Under Polish rule, the people of Machliniec lost many of the freedoms they had enjoyed when they were part of Austria. Instruction in the German language was no longer permitted in public schools and lessons were conducted by independent teachers who moved from town to town, often under the watchful eye of the local authorities. An organisation known as the Association of German Catholics (V.d. K) was established in 1923 to promote cultural and social links between the isolated German settlements. When the Second World War broke out in September 1939, the Polish authorities jailed sixteen members of the V.d. K. from the Machliniec area. They were released a month later when Poland surrendered.

=== Population transfers ===
As per Article II of the secret protocol of the Molotov–Ribbentrop pact, all land to the east of the Narev, Vistula, and San rivers was to fall into the Soviet sphere of influence. As part of the Nazi-Soviet population transfers, all Volksdeutsche were to be granted German citizenship and resettled in Germany. In November 1939, Soviet and German officials arrived and prepared detailed lists of property and livestock which each family would have to leave behind. Each person was allowed to take a wagon with a limited amount of personal belongings and one team of horses.

 "The women and children went by train in boxcars, in December 1939. The men, with their teams of horses, went in January 1940 first to Przemyśl (in present-day Poland) to cross the bridge over the San River towards Germany. It took us two days in that very cold winter to arrive at the bridge. Crossing the bridge was very strictly controlled by the Russians. After we crossed over the bridge, we were loaded on a train with the team of horses and travelled west towards Posen, Poland."
 — Leo Merz 1988.

Many children and older people died from the bitter cold, or from typhus and other diseases that were prevalent in the cramped conditions of the resettlement camps. The inhabitants of Machliniec were resettled throughout the Polish areas annexed by Nazi Germany on farms that had been taken from Polish or Jewish families. Most of the men were conscripted into the German army and sent to the Eastern Front. In 1945, ahead of the advancing Red Army, the women and children were evacuated yet again.

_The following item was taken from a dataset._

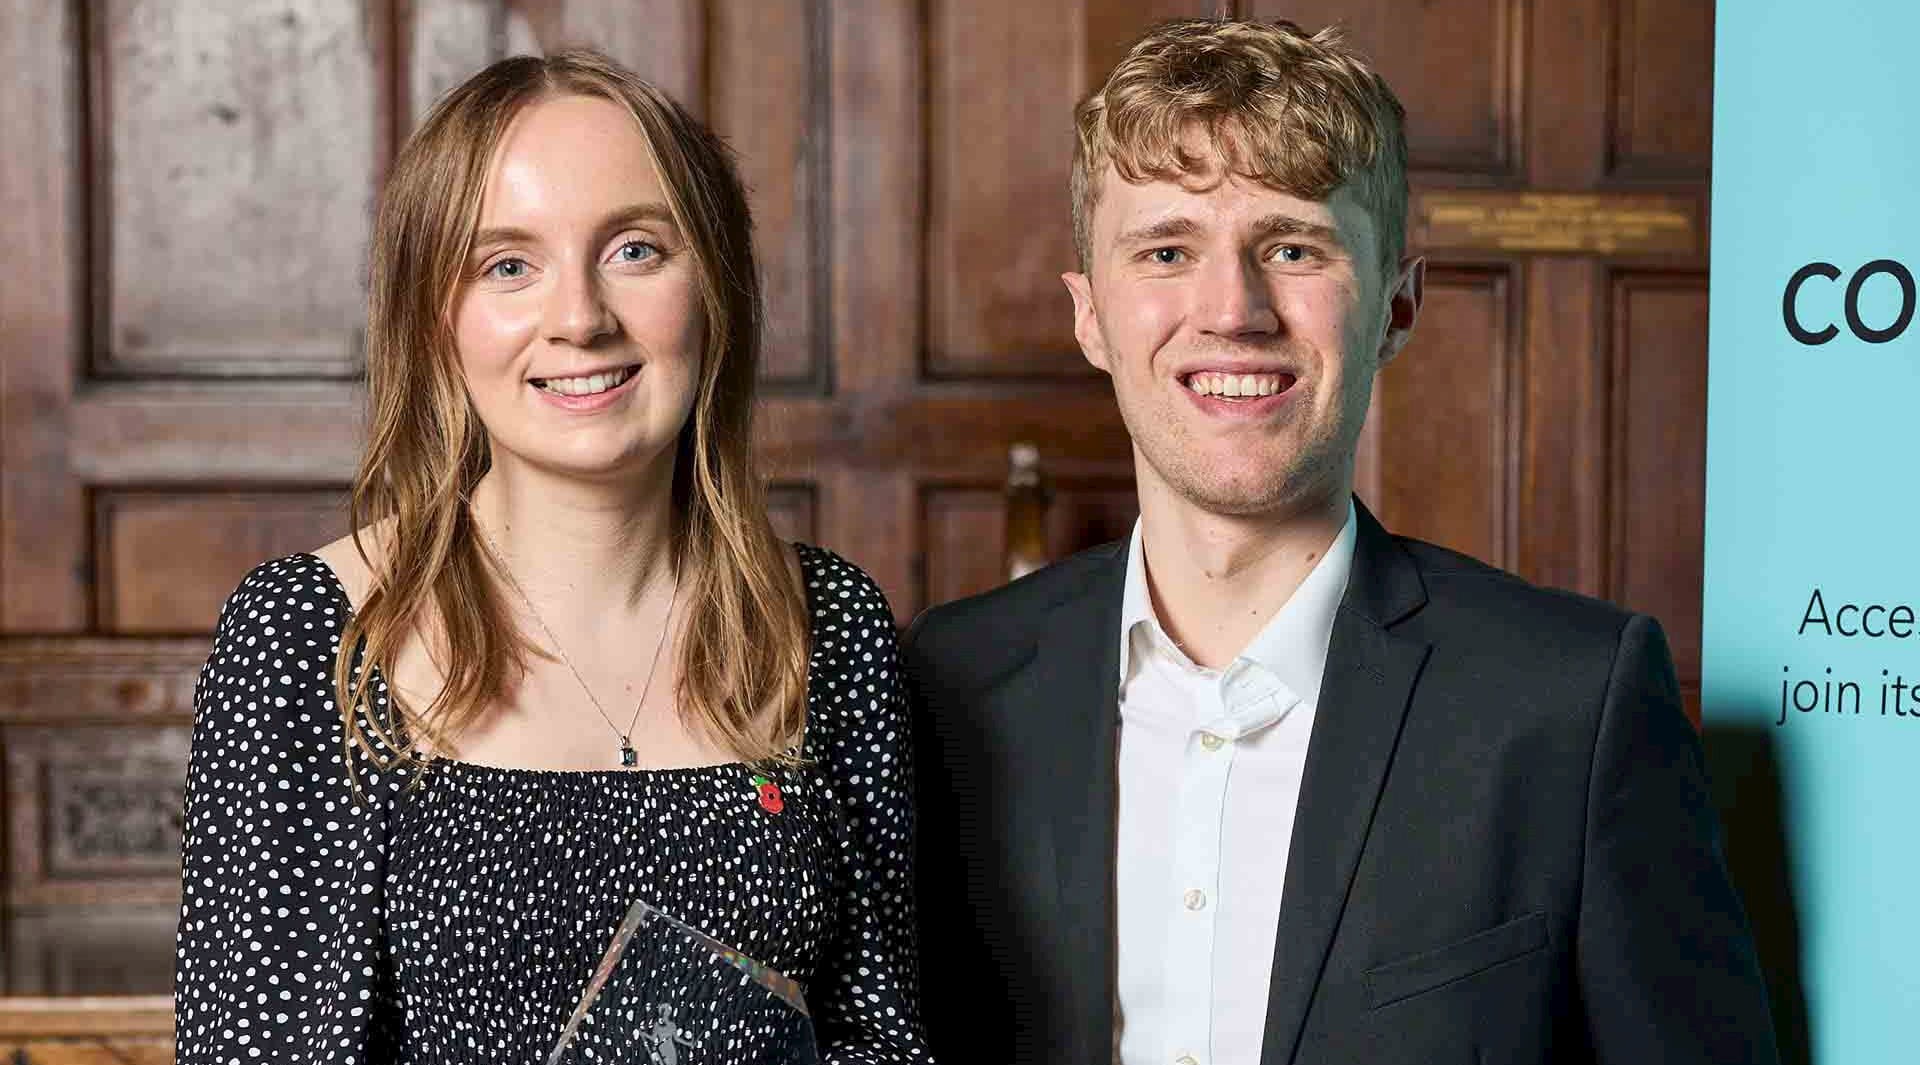 Joyce Chadwick, London-based associate in Evelyn’s valuations and modelling team, Alexander Cook, Birmingham-based associate in Evelyn’s valuations team, The Diploma in Corporate Finance winners
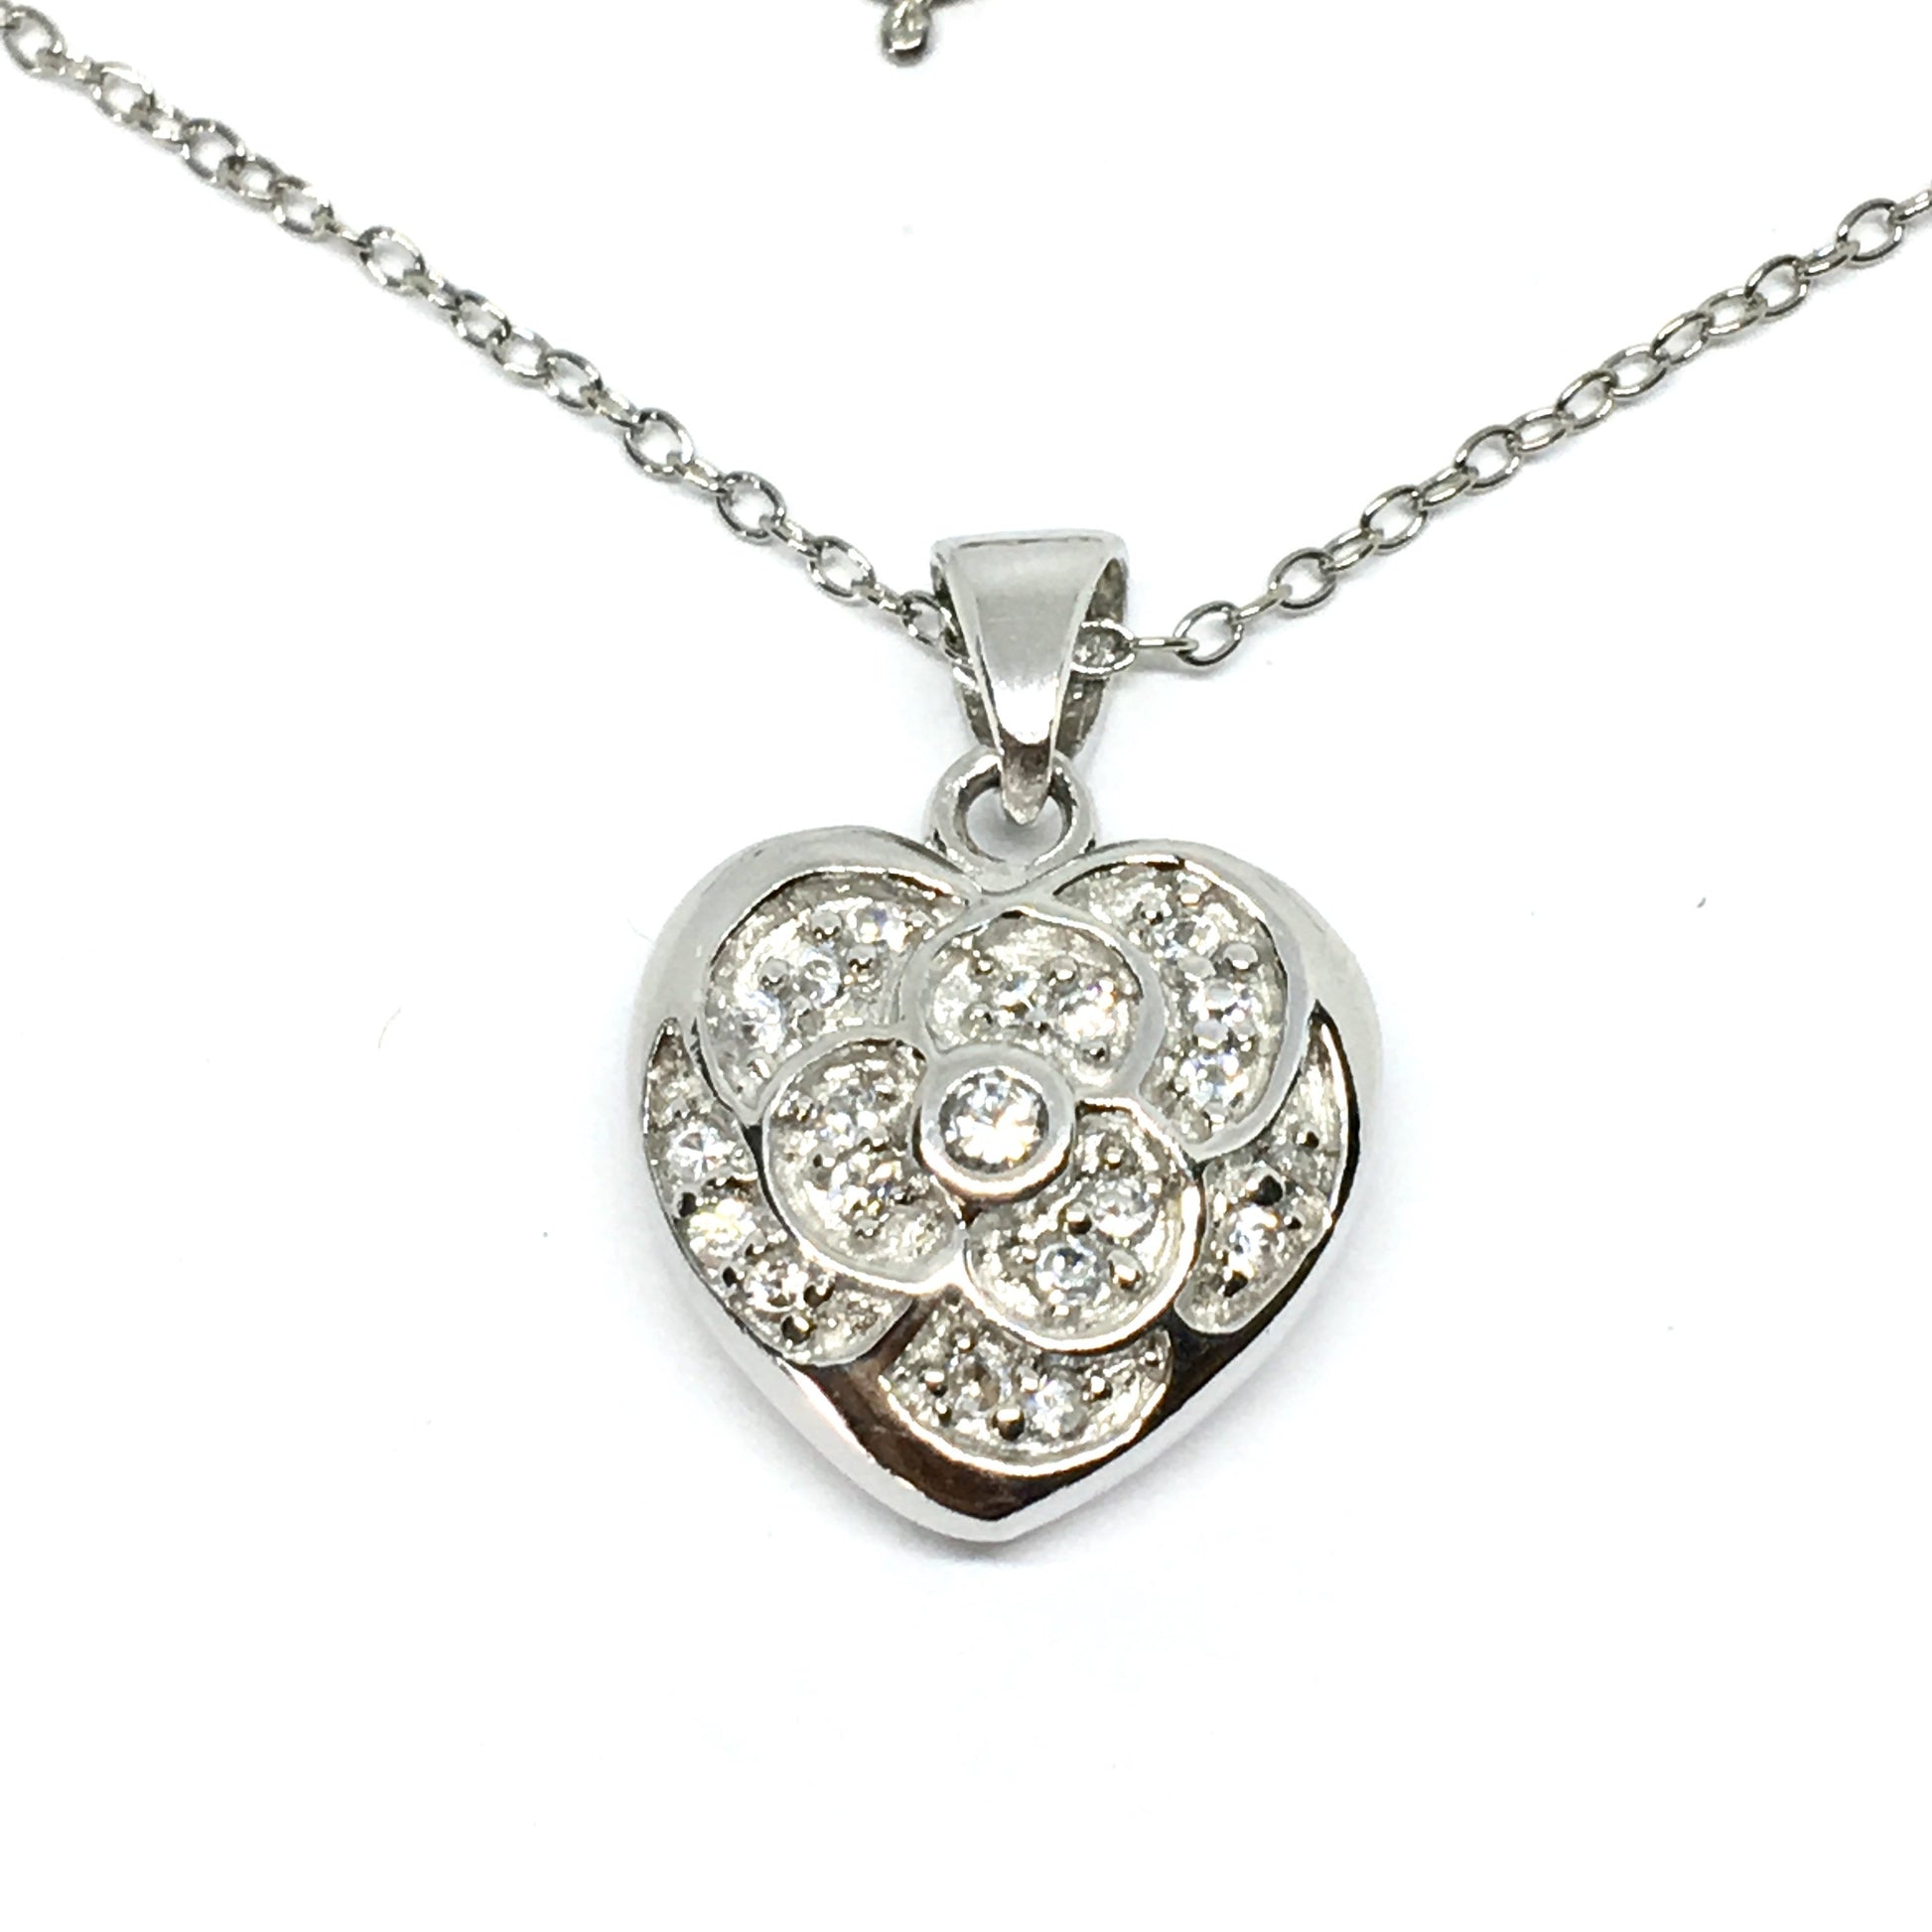 Jewelry - Womens Sterling Silver Romantic Cz Pansy Flower Heart Pendant Necklace -  New Overstock Fine Jewelry online at Blingschlingers.com USA

=== 1940 to the present ===
Since 1940, Machliniec has been inhabited solely by ethnic Ukrainians. In 1990, descendants of the original settlers realized that the stone church was badly damaged and that the roof had caved in. Inside the church is a small metal plaque with the following words engraved in Ukrainian and German:

"The church was established in 1862 by German settlers, who had to leave their homeland in 1940, and who now live scattered throughout the world. In the subsequent decades the church has become dilapidated. The descendants of the German settlers have financed its reconstruction with their donations."
 16.10.1994

Until 18 July 2020, Makhlynets belonged to Zhydachiv Raion. The raion was abolished in July 2020 as part of the administrative reform of Ukraine, which reduced the number of raions of Lviv Oblast to seven. The area of Zhydachiv Raion was merged into Stryi Raion.